Amyotrophic lateral sclerosis (ALS) is a neurodegenerative disease that has a lot of different symptoms associated with it. These symptoms can present numerous challenges for the individual who has been diagnosed and include issues such as struggling with slurred speech and muscle weakness.
One common ALS symptom is related to swallowing. As the nerves begin to deteriorate, individuals may have trouble chewing food and might need to swallow several times to get that food down the throat. Other issues such as aspiration, where food or drink gets into the windpipe, can also cause problems for the individual.
Here we take a closer look at the impact ALS has on swallowing and how this problem can be managed as the disease progresses.
Difficulty swallowing is also called dysphagia and is a common symptom of ALS, and which sometimes occurs in the early stages of the disease. The swallowing reflex is served by a complex series of actions involving muscles in the tongue, mouth and throat. The tongue, for example, performs the important task of moving the food to the back of the mouth (try swallowing without moving it at all).
Once the nerves sending signals to swallow have deteriorated, these muscles become severely weakened. That means an individual may have difficulty eating certain kinds of food or may require more liquid to ease movement down the throat.
ALS dysphagia can start as something mild and be a minor inconvenience. It can, however, quickly progress and it’s essential to keep an eye out for more severe symptoms.
Understanding what is happening with regards to swallowing is critical and there are a number of different options that can be used at each stage as the disease progresses.
There are several approaches that can be used to manage ALS dysphagia. The first of these is making choices about what is eaten. Some foods can be difficult to swallow, so adding a sauce or gravy makes it easier for the individual to consume. Thickening drinks is also an option, mainly to ensure that liquids don’t go down too quickly and cause aspiration.

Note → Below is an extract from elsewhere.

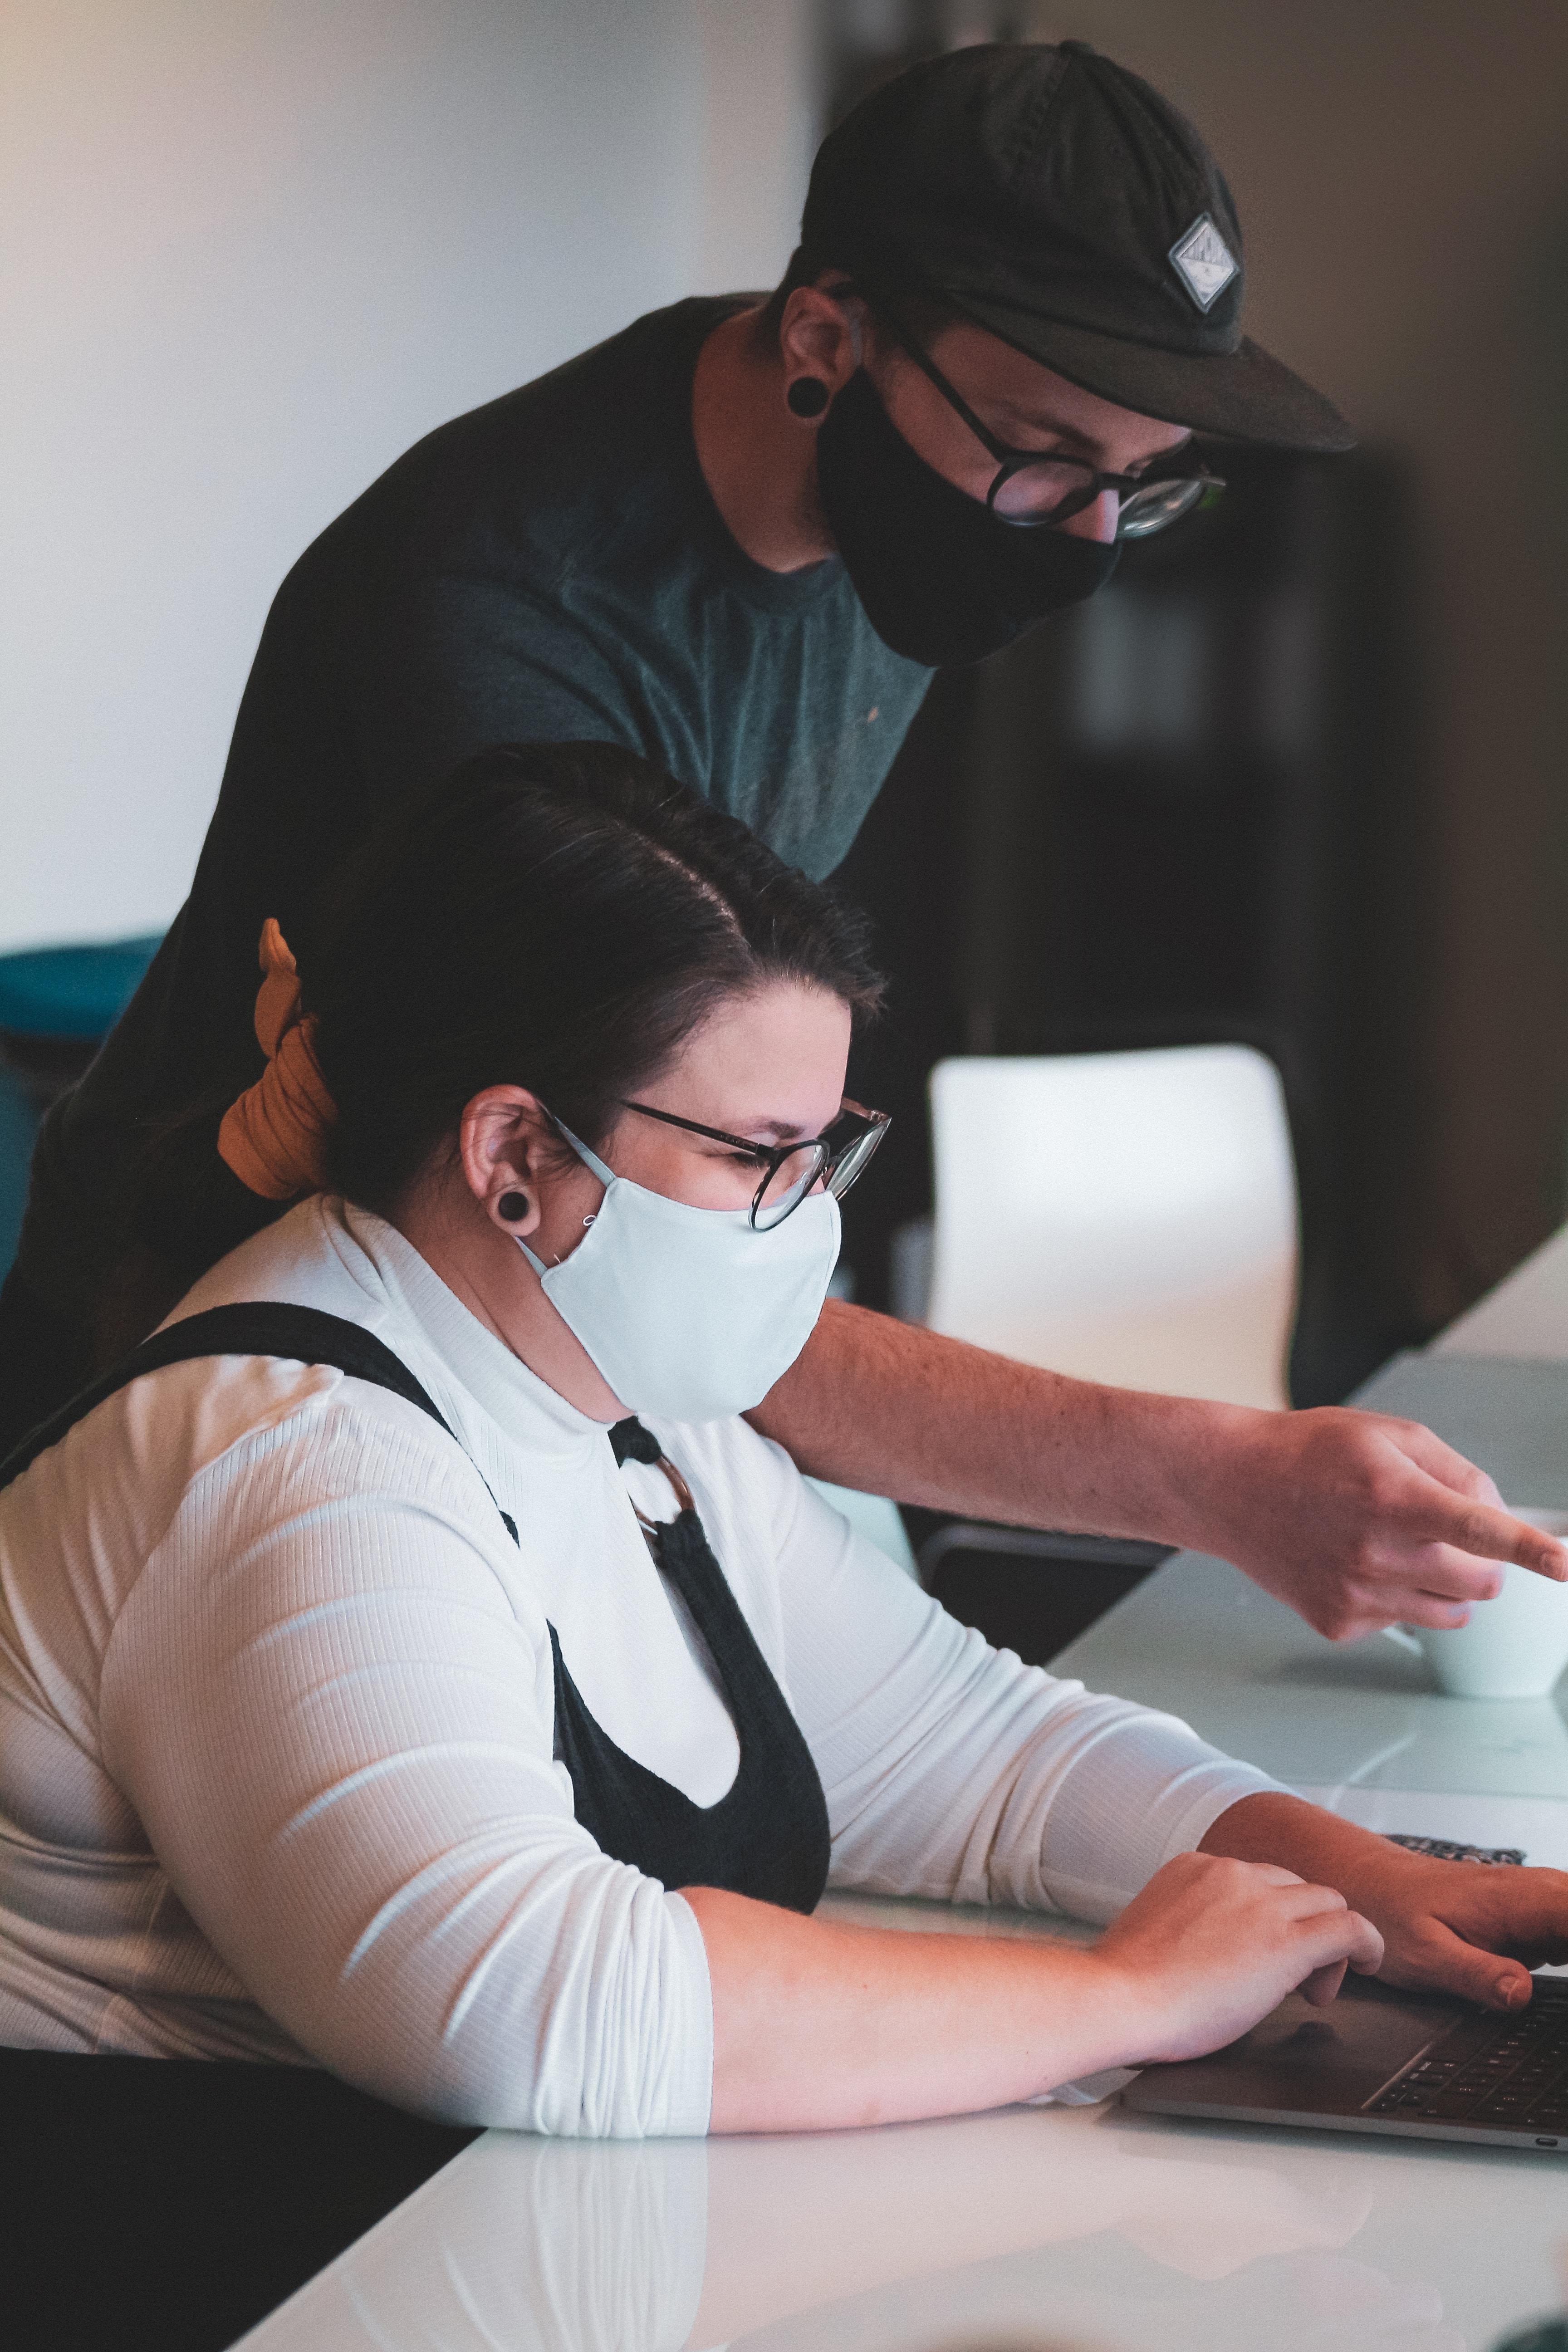 Pour nos visionnaires, stratèges et technophiles, chacune des actions posées dans un projet doit générer une valeur réelle pour vous et créer un impact significatif chez vos clients. Et on a ben du fun à le faire, même avec des masques!

Developing certain strategies also helps, especially in the early stages. One is to double up on swallowing to ensure that food goes down and doesn’t stick in the throat. Another is taking a sip of water with each bite.
As swallowing becomes more difficult, blending food may be the most sensible option. As the disease progresses and the swallowing reflex disappears altogether, the normal approach is to use a feeding tube. This can be used orally or the tube can be inserted directly into the stomach.
Once dysphagia starts to become an issue, it can seem as though the individual salivates more. This is actually because they are not swallowing properly rather than more saliva being created.
Again, in the early stages, this is easy to handle with something like a napkin or making a conscious effort to swallow. Not eating foods that are either too sweet or too sour can also keep salivation under control.
As the disease progresses this issue becomes a little more troublesome. One solution is to have a portable suction device that can be used to quickly get rid of excess saliva.
There are some medications such as glycopyrrolate and propantheline that help reduce salivation. Some of these do come with side-effects such as drowsiness and difficulty urinating so it’s essential to weigh the pros and cons before choosing a particular drug and to always speak to a medical professional to get their advice.
For a more natural solution, a couple of glasses of fresh tomato juice a day can help reduce saliva output. Tomatoes contain lycopene and the drink can be sweetened, if necessary, by adding sugar.